→ **Prompt**:
Return the data word for word. Pictures are to be omitted.

→ **Data**:
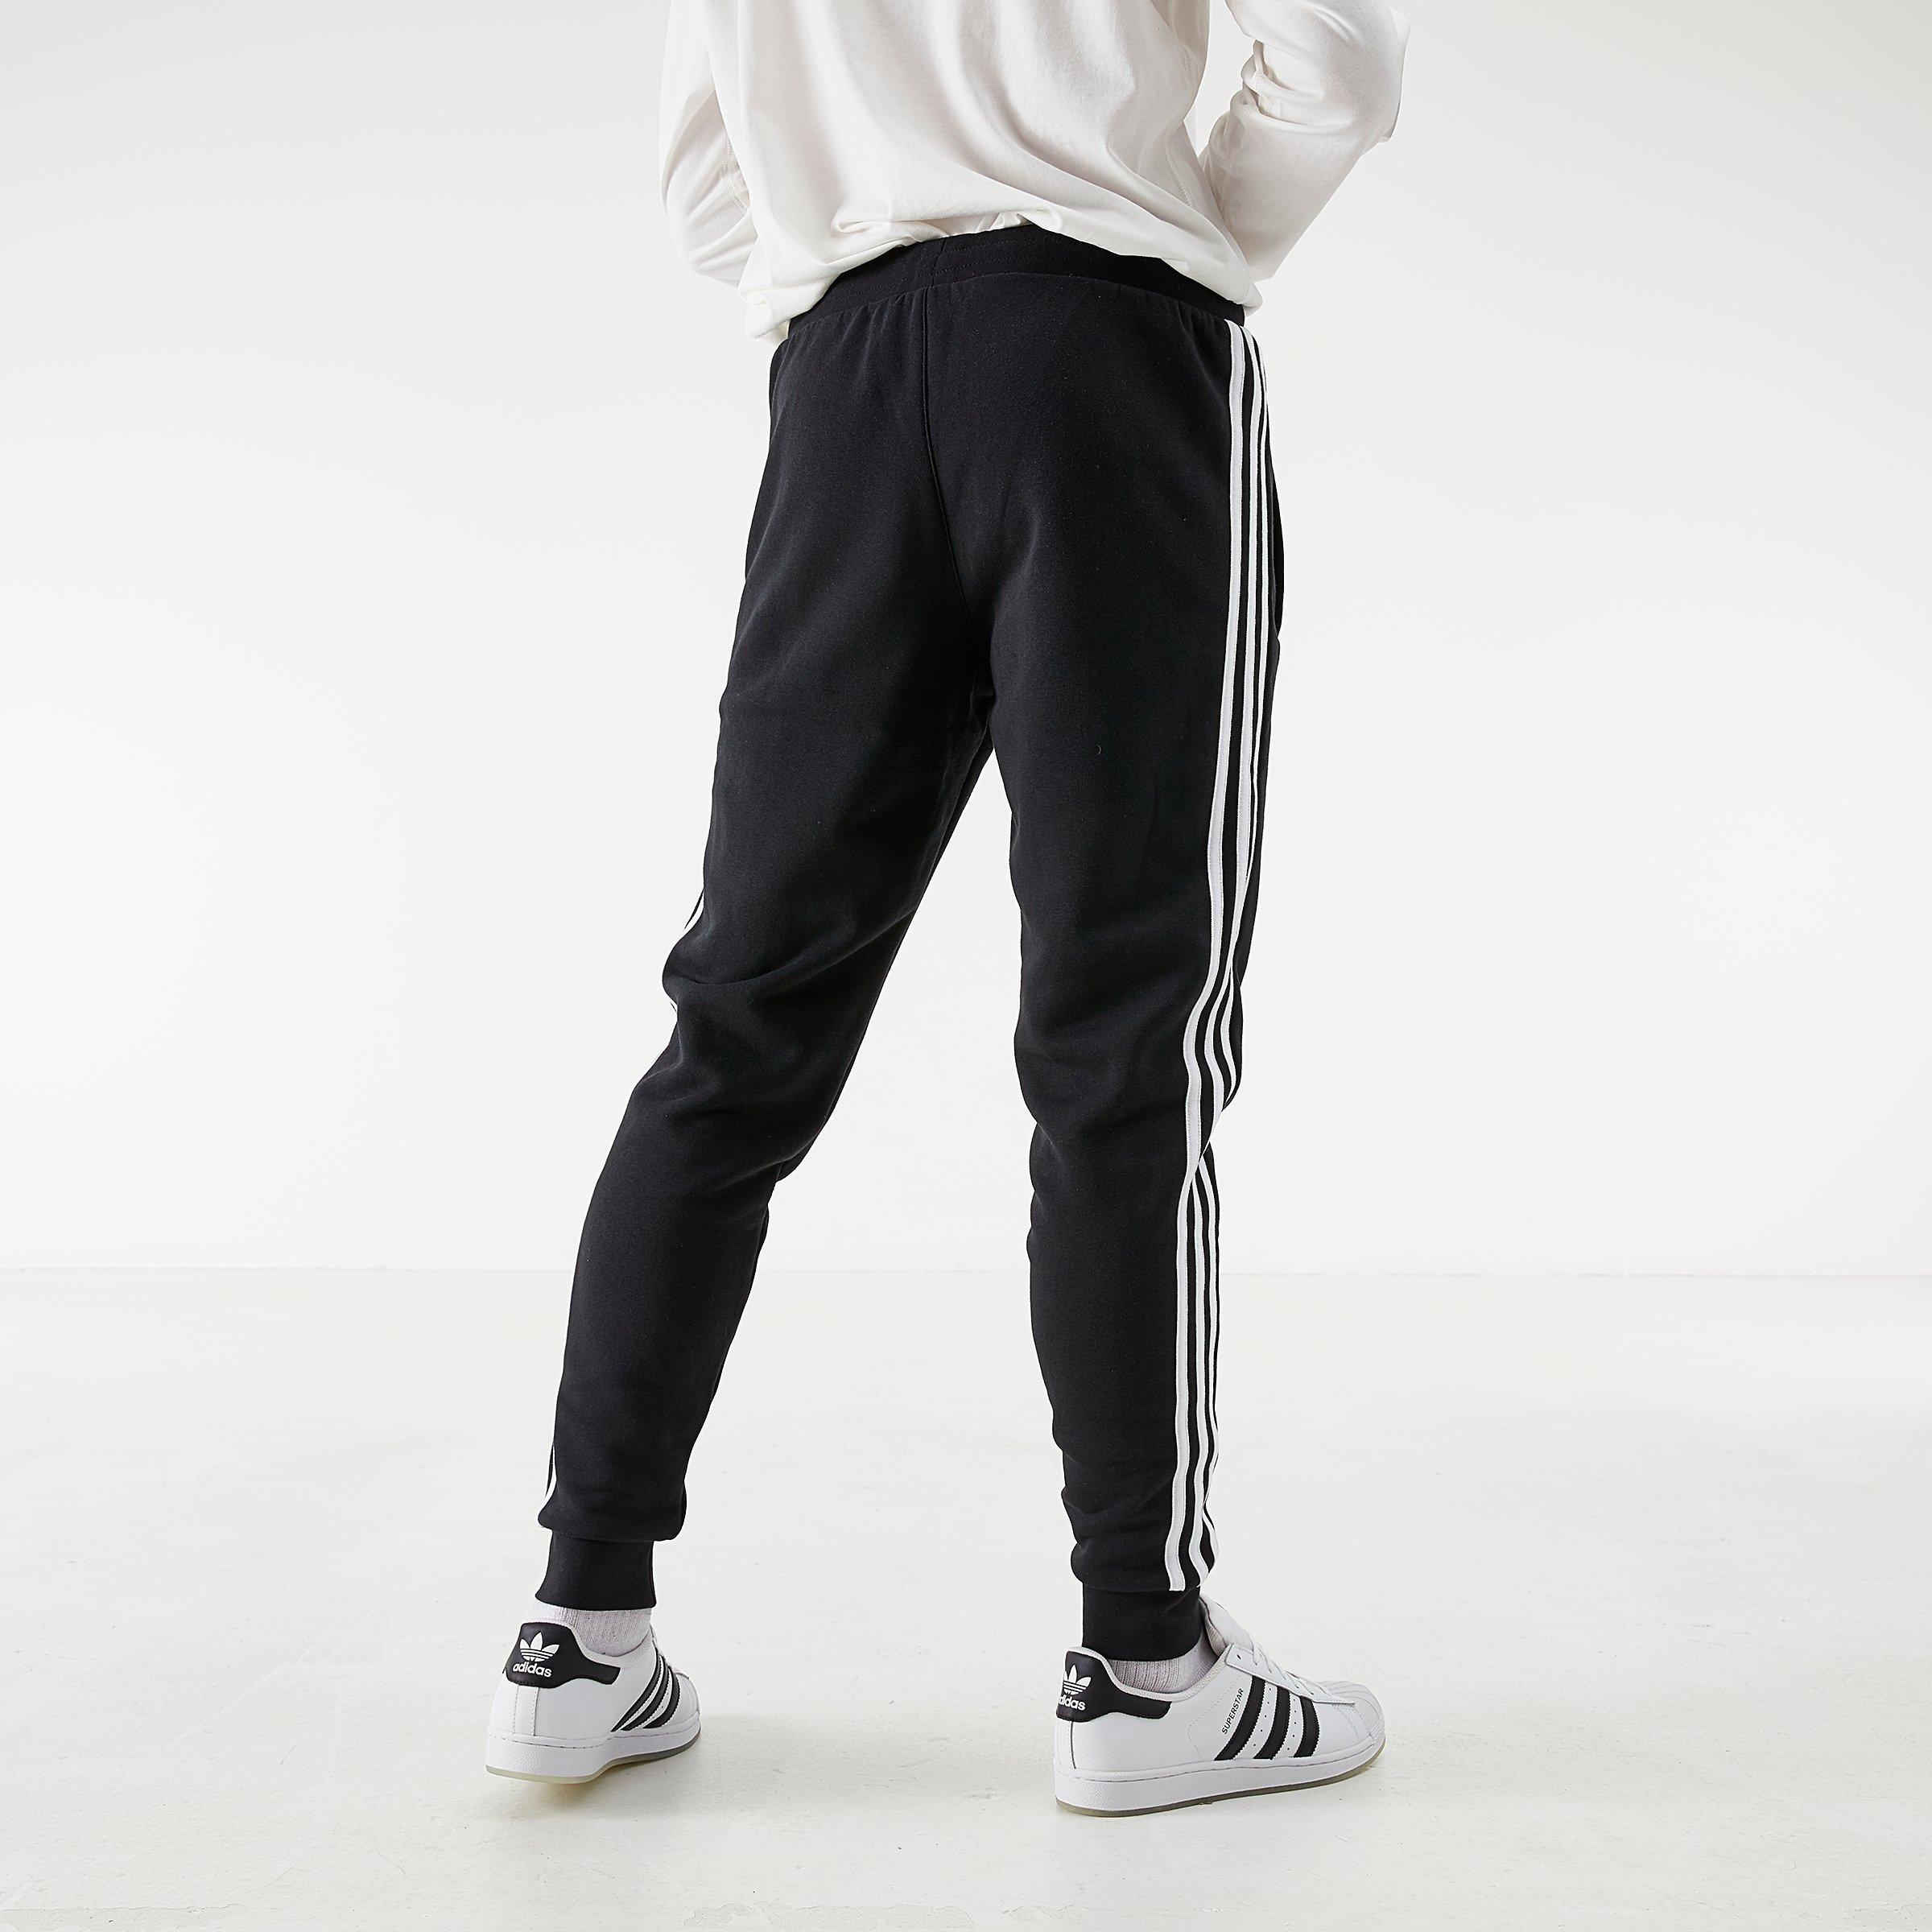 adidas pants with stripe on back
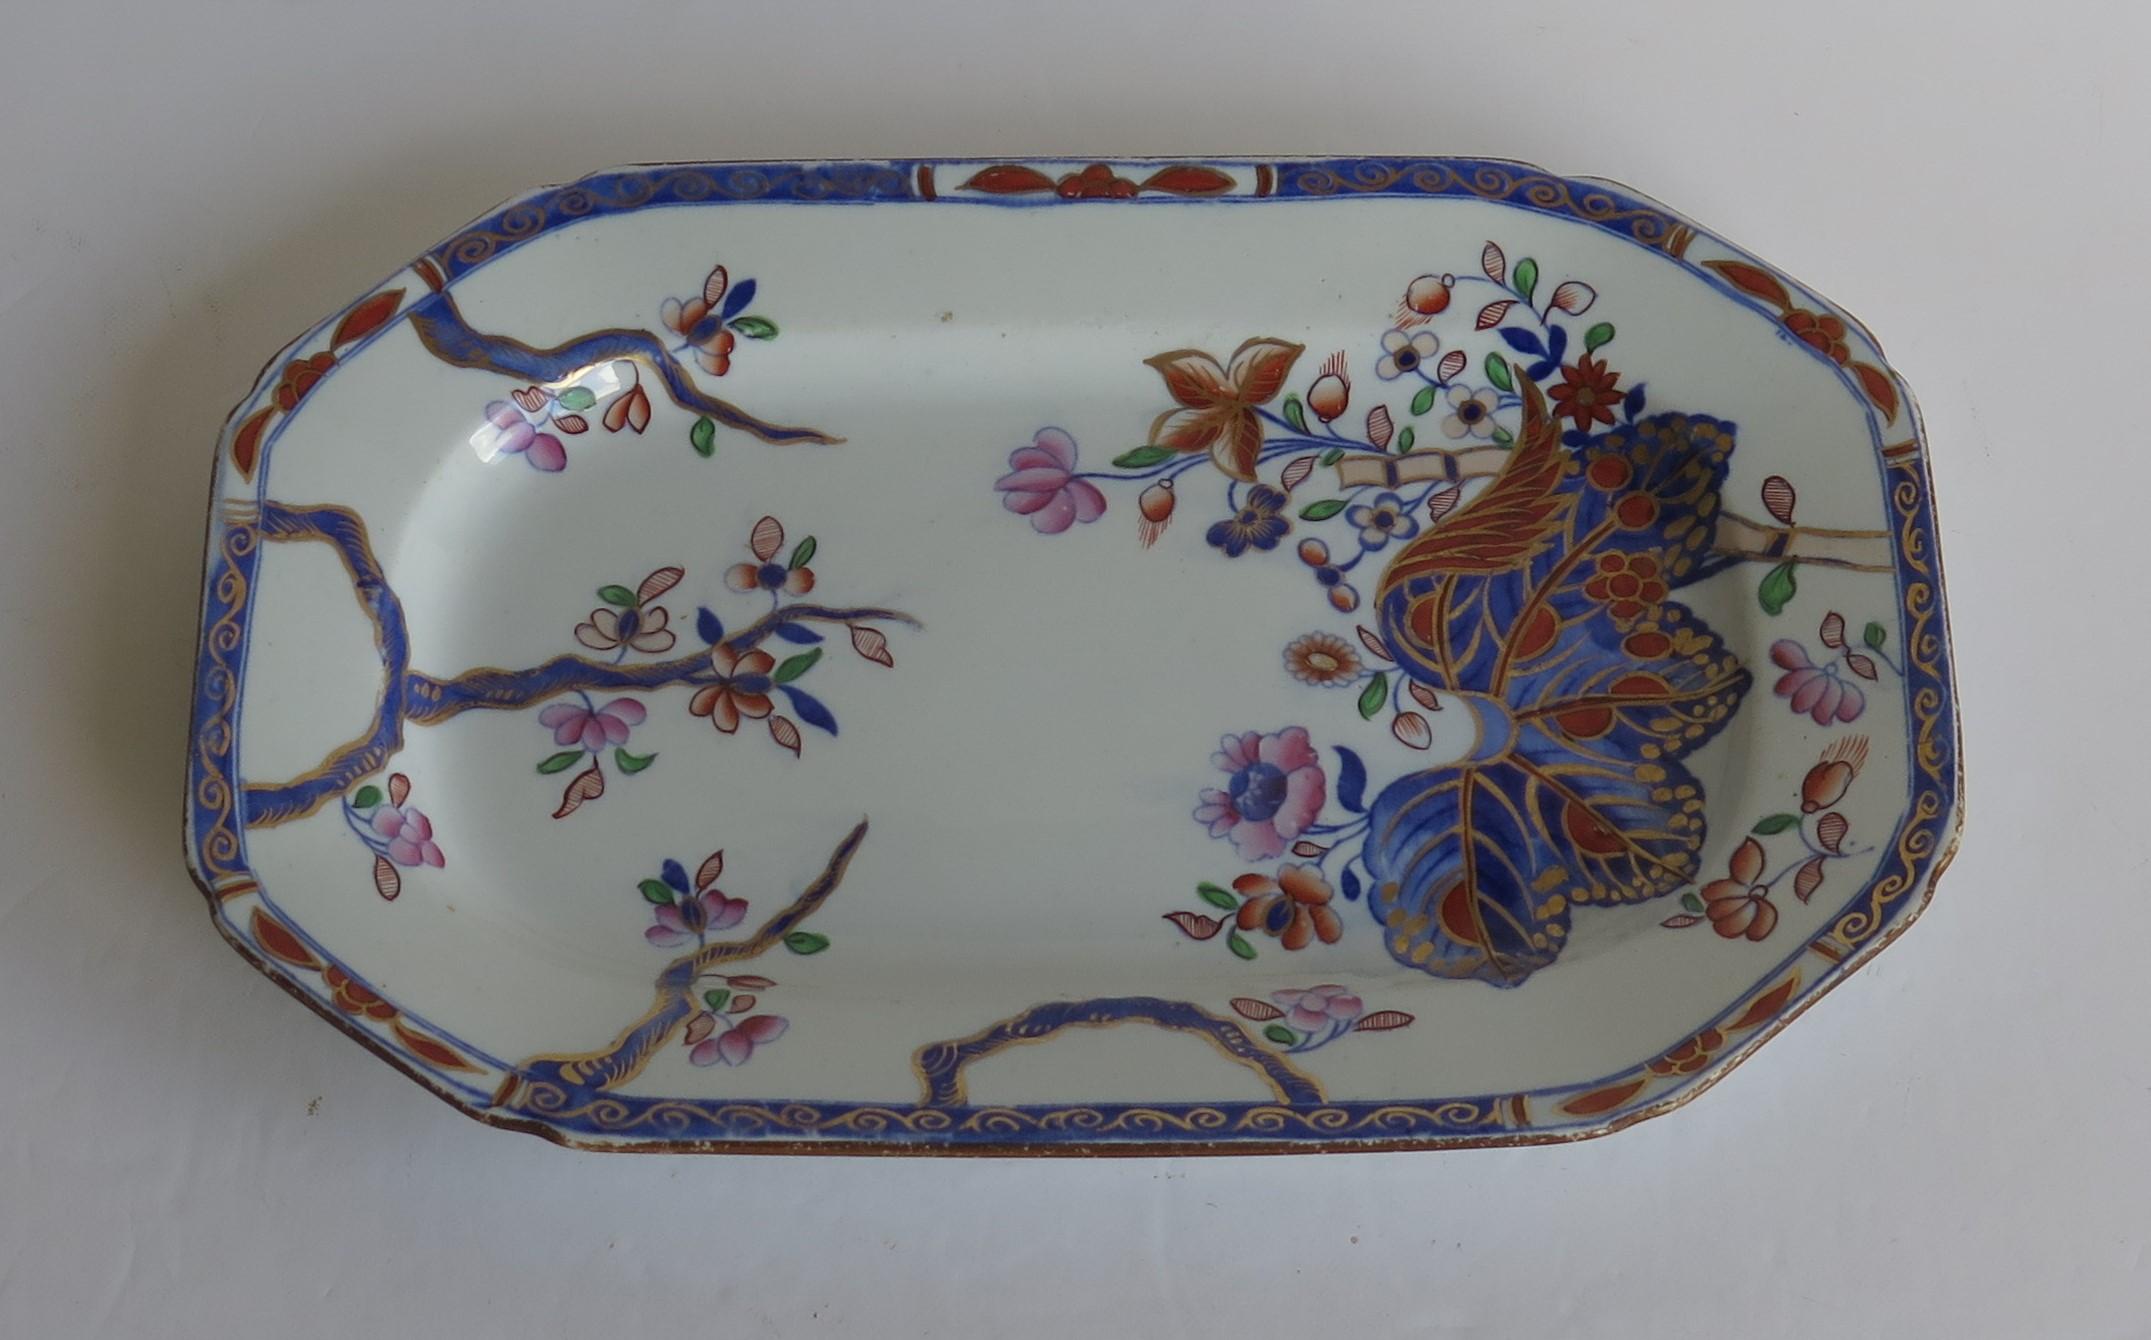 This is a beautiful platter, produced by the Spode factory in the distinctive Tobacco Leaf pattern.

This is pattern number 2061, named the 'Tobacco Leaf' pattern. The chinoiserie decoration was transfer printed in cobalt blue under-glaze, then
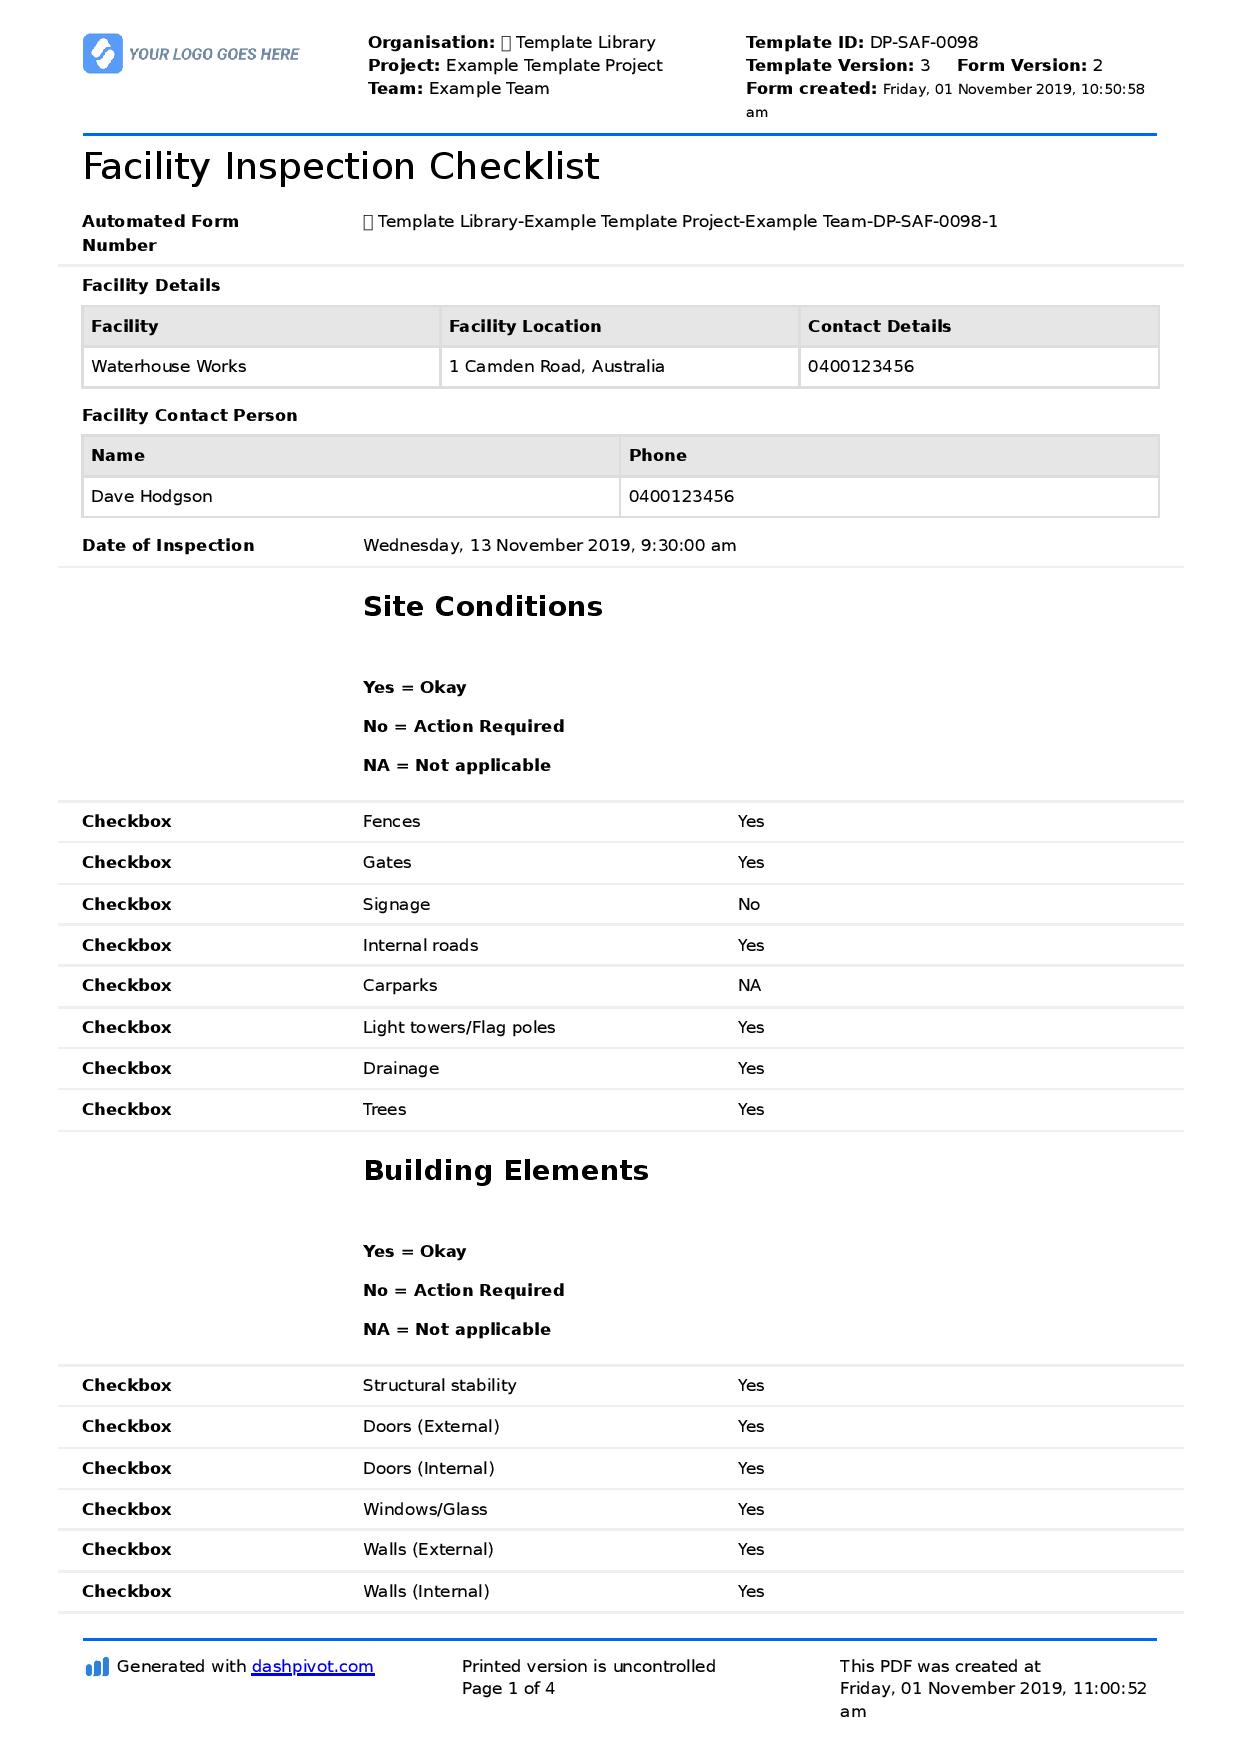 Facility Inspection Checklist template (Better than excel, PDF forms) In Daily Inspection Report Template

→ **Task output**:
 adidas pants with stripe on back
 This is a beautiful platter, produced by the Spode factory in the distinctive Tobacco Leaf pattern.

This is pattern number 2061, named the 'Tobacco Leaf' pattern. The chinoiserie decoration was transfer printed in cobalt blue under-glaze, then
 Facility Inspection Checklist template (Better than excel, PDF forms) In Daily Inspection Report Template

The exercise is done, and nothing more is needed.